He's rounded the table and caught me up out of my chair before I know what's happening. Then I'm pressed against his apron, flour rubbing off on my cheek and his broken gasps of laughter reverberating through my whole body. He sets me down, abruptly, like he didn't realize what he was doing, but his hands remain on my hips. "Thank you," he says, and I realize he's crying under the laughter. He draws me closer again with every word, snugging me against him. "Thank you, _thank_ you."

I'm still trying to fully register what I just did, and I'm half-drunk off the heat of the ovens and the cinnamon-dill scent that radiates from Peeta in dizzying waves, so all I can do is rest my temple against his shoulder and curl my fingers into his shirt.

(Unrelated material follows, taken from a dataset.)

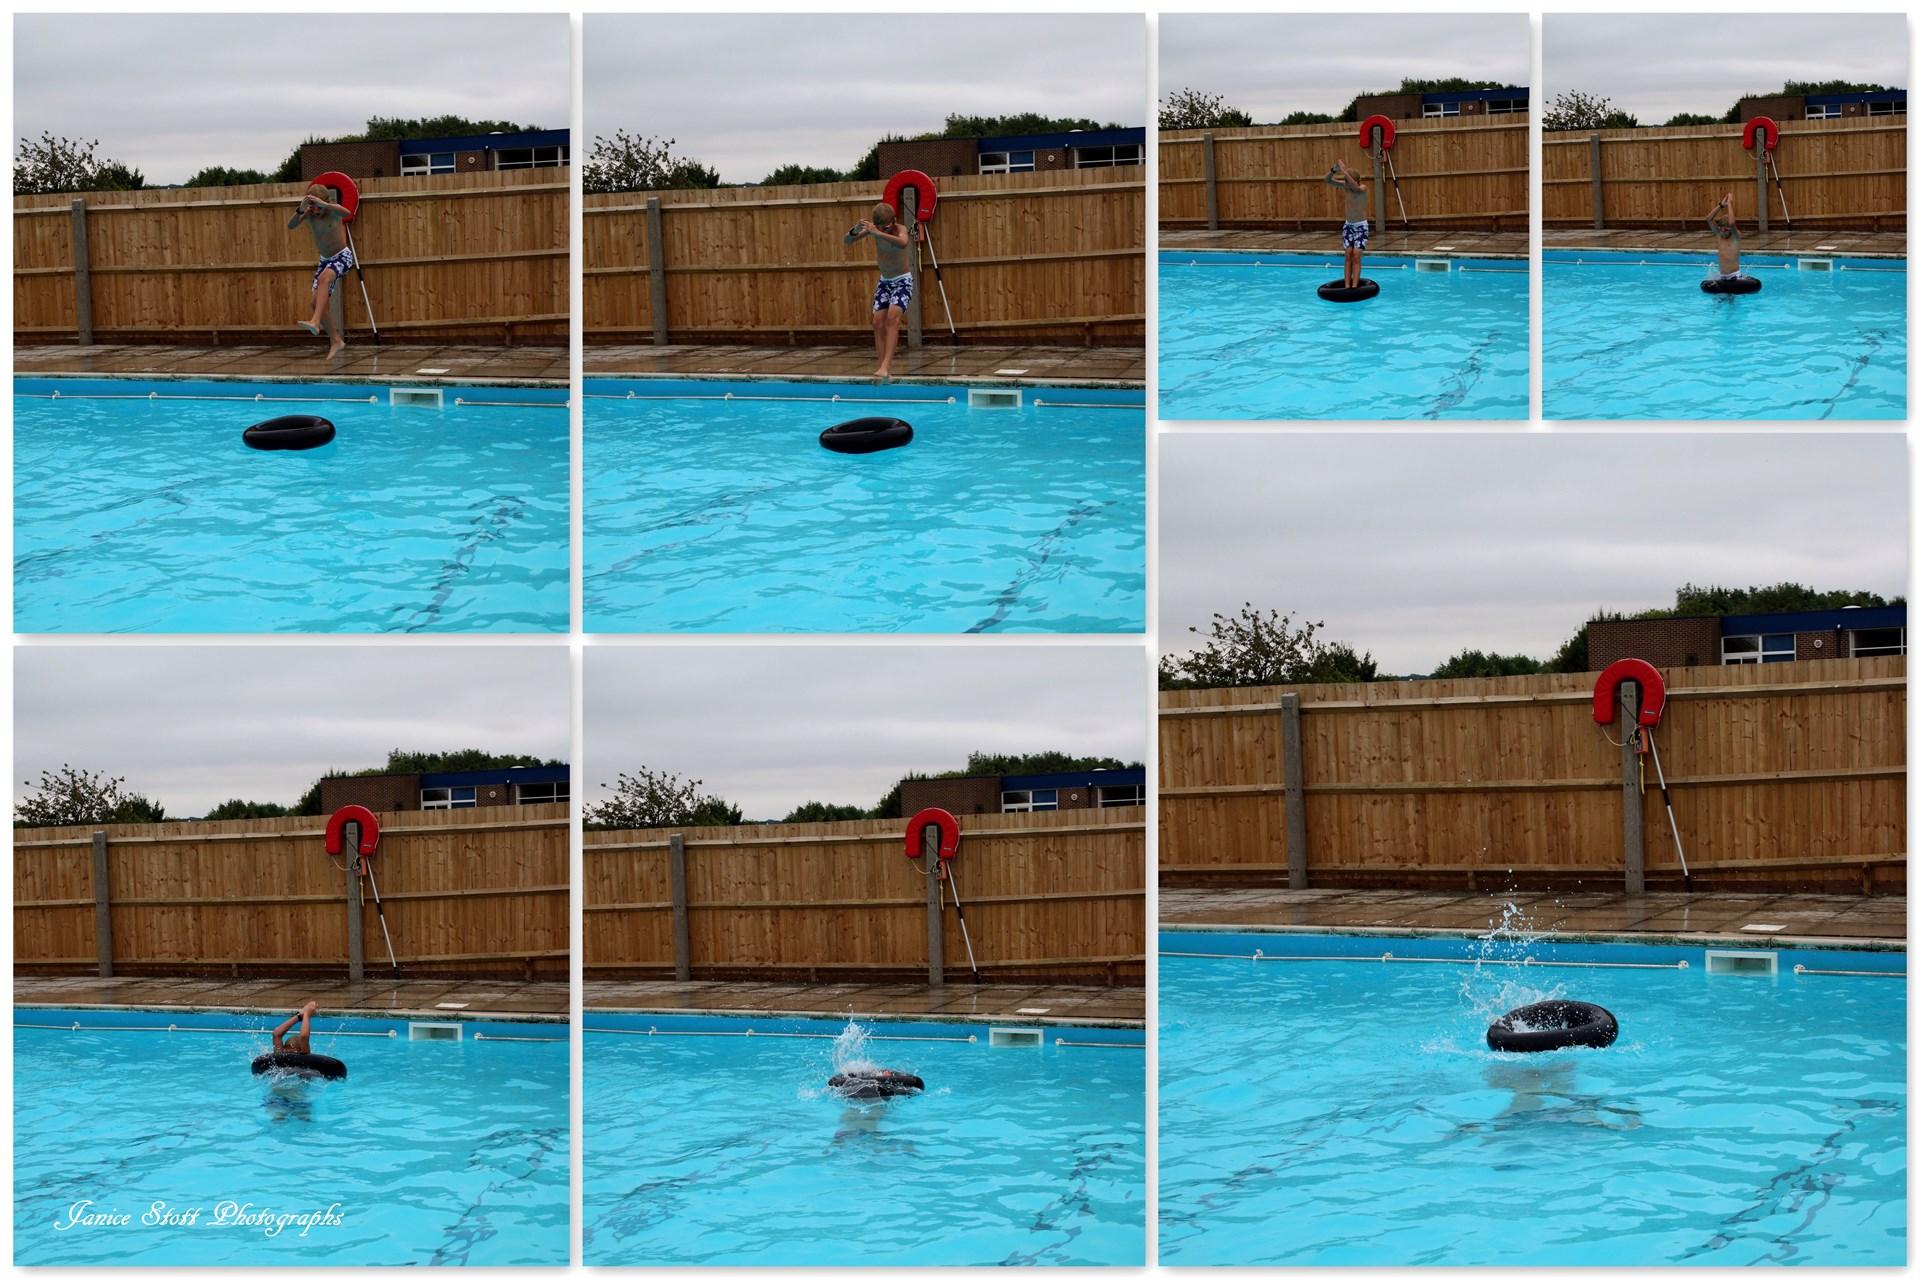 Photos of fun activities at overton pool lordsfield - Club mahindra kandaghat swimming pool ...
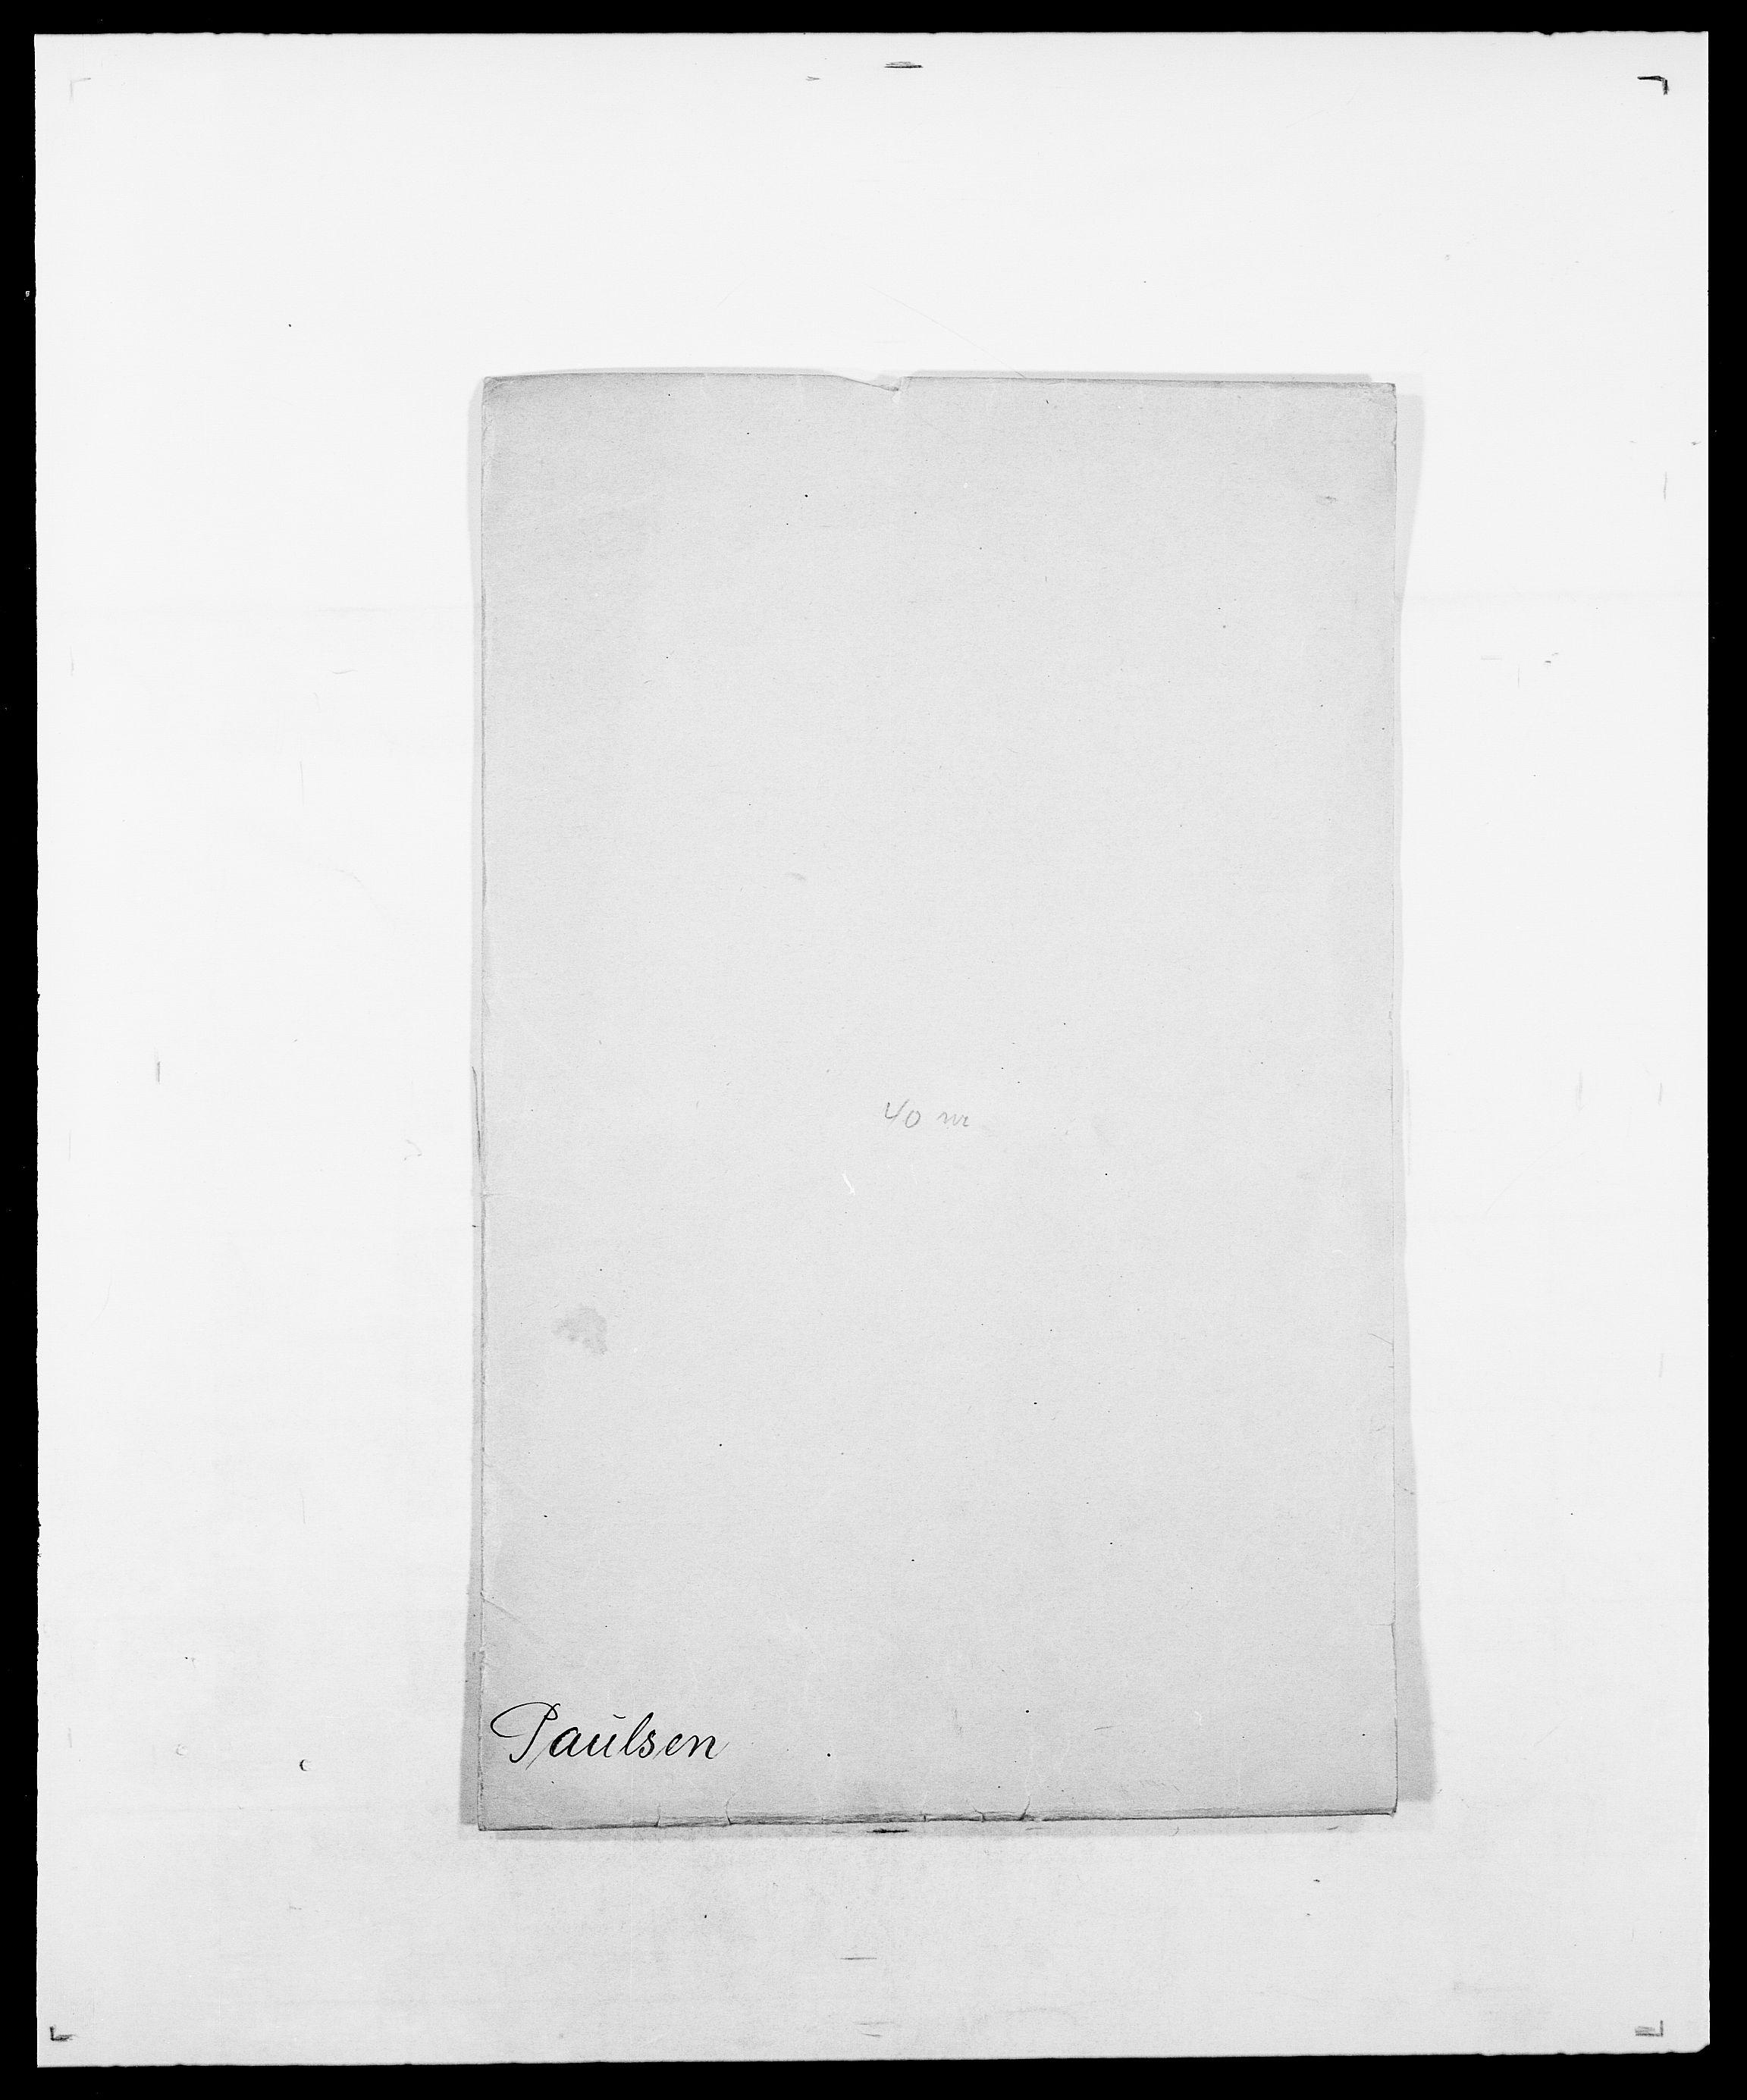 SAO, Delgobe, Charles Antoine - samling, D/Da/L0030: Paars - Pittelkov, s. 154

One of his hands moves to my lower back, rubbing in slow, powerful circles right where tension has knotted the muscles. I haven't been held like this since before I can remember. Since my father died, maybe. A shudder of contentment rushes up my spine unbidden.

I lift my head to ask him what his parents will think of this, but the question dies on my lips when I realize how close we are. His eyes, crinkled in a wide grin, roam freely over my face. Then the smile fades, settling into something calmer, something softer but no less intense, and he swallows.

"I –" His nose nudges against my own before he pulls back, sucking in a breath. "I really want to kiss you, Katniss."

And then, because that sweet, sharp ache has manifested in my lips and because I'm still lightheaded and foolishly happy and giddy with how much just changed, I throw my reluctance to the wind and give an eager nod. I rise up on my tiptoes to reach him, which makes him chuckle, and then our faces collide clumsily and _both_ of us are chuckling. The second time we're more careful, and our mouths successfully touch without ramming anyone's nose into anyone else's cheek.

I barely have time to take in the sensations of warmth and pressure and a whisper of wetness before Peeta pulls back just far enough to mumble my name and dives straight back in again, and… Well. It's not amazingly awe-inspiring or life-changing or anything, but it's nice. Really nice. Reassuringly solid and calming and pleasurable, even, and… Mm. I could get used to this.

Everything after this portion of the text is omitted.